Знакомый термин заставил Трой вздрогнуть. Мистер Смит усмехнулся, глядя на нее.
— Правильно я выразился? — спросил он. — То, что ваш благоверный называет стандартной процедурой. Отпечатки пальцев. Надо было сохранить ее, Илли!
— Надеюсь, дядя Берт, мне будет позволено уладить этот нелепый и незначительный инцидент так, как я считаю нужным.
— Молчу, молчу, молчу.
— Крессида, дорогая, я совершенно уверен, что просто-напросто какой-то идиот решил тебя разыграть. Терпеть не могу розыгрыши! — торопливо продолжал Хилари, стараясь держаться как ни в чем не бывало. Он обернулся к Трой. — А вы?
— Когда они такие несмешные. Если это, конечно, розыгрыш.
— Чему я ни секунды не верю, — встряла Крессида. — Ничего себе шуточки! Да это намеренное оскорбление. Или того хуже. Разве не так? — воззвала она к миссис Форестер.
— У меня нет ни малейшего представления о том, что бы это могло быть. А ты что скажешь, Род? Я говорю…
Она резко умолкла. Ее муж находился в дальнем конце комнаты и в данный момент мерил шагами расстояние от застекленной двери до елки.
— Тринадцать, четырнадцать, пятнадцать… Ровно пятнадцать шагов, — объявил он. — Мне придется сделать пятнадцать шагов. А кто закроет за мной дверь? Тут важна каждая мелочь.
— Честное слово, Хилли, милый, понимаешь, нельзя просто плюнуть и забыть, словно это ерунда какая-то. Ты же сам говорил, что Найджел всегда называл свою жертву «порочной женщиной». Козе понятно, что он заимел на меня зуб, и мне страшно. Понимаешь, страшно.

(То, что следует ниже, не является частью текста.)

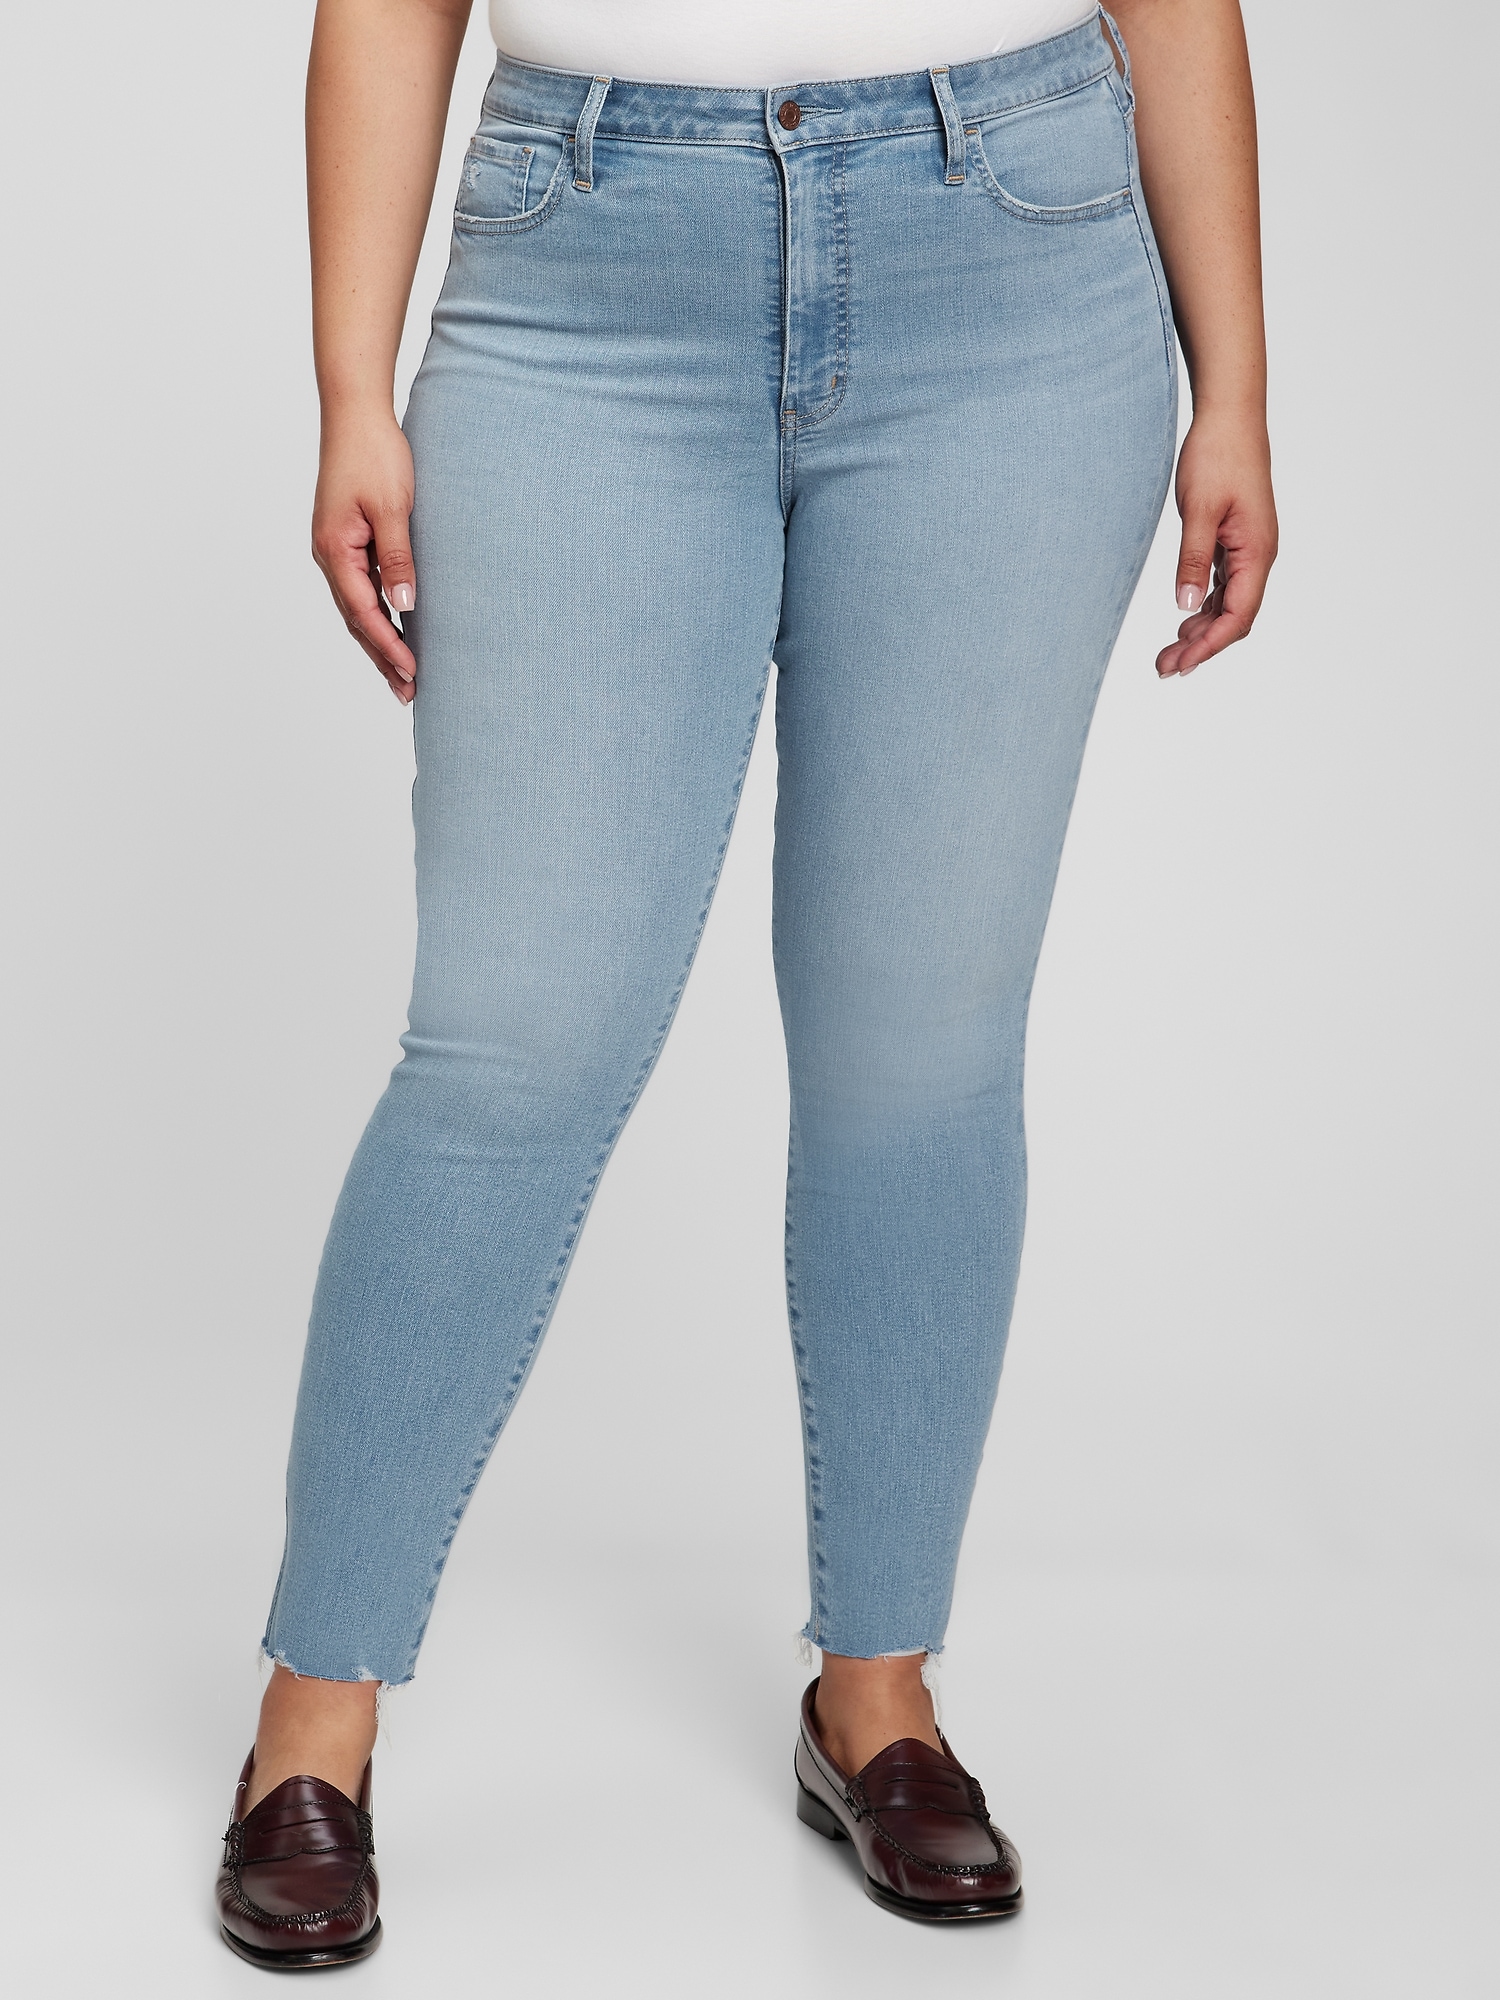 Buy Gap High Waisted Universal Jeggings from the Gap online shop

— Но тебе нечего бояться, — возразил Хилари. — Обещаю тебе, детка, ничего страшного с тобой не случится. Нынешние обстоятельства совершенно иные…
— Надеюсь, учитывая, что та была шлюхой.
— …и конечно, я выясню, кто за этим стоит. Полная нелепица. Я ткну носом…
— Никого и ни во что носом тебе не ткнуть. Ты сжег записку.
— Найджел полностью выздоровел.
— Эй, — вмешался мистер Смит. — А что, если кто-нибудь из них хочет его уесть? Лишить хозяйского доверия? Подставить? По злобе?
— Но они отлично ладят друг с другом.
— Но не с полковничьим парнем. Только не с Молтом. Бьюсь об заклад, там любовью и не пахнет. Видел я, как они смотрят на него. А он на них.
— Чушь, Смит, — постановила миссис Форестер. — Сами не знаете, что говорите. Молт служит у нас уже двадцать лет.
— Ну и что с того?
— О боже! — громко воскликнула Крессида и упала в кресло.
— …и кто будет читать имена по списку? — размышлял полковник. — Я не могу надеть очки. В них я буду выглядеть глупо.
— Род!
— Что, Тру?
— Подойди сюда. Я сказала, подойди сюда.
— Зачем? Я обдумываю детали.
— Ты можешь переволноваться. Подойди сюда. Речь идет о Молте. Я сказала…
— Ты перебила ход моих мыслей, Тру, — почти сердито попенял жене полковник. — Что такое с Молтом?
И словно в пьесе с хорошо просчитанными неожиданностями, за дверью послышался шорох, затем дверь отворилась и в комнату вошел Молт собственной персоной, неся в руках поднос.
— Прошу прощения, сэр, — обратился он к Хилари, — но я подумал, что, может быть, дело срочное, сэр. Касается полковника, сэр.
— О чем вы, Молт? — раздраженным тоном спросил полковник.
Молт с подносом в руках двинулся к своему хозяину. На подносе лежал конверт, на котором печатными буквами было выведено: ПОЛКОВНИКУ ФОРЕСТЕРУ.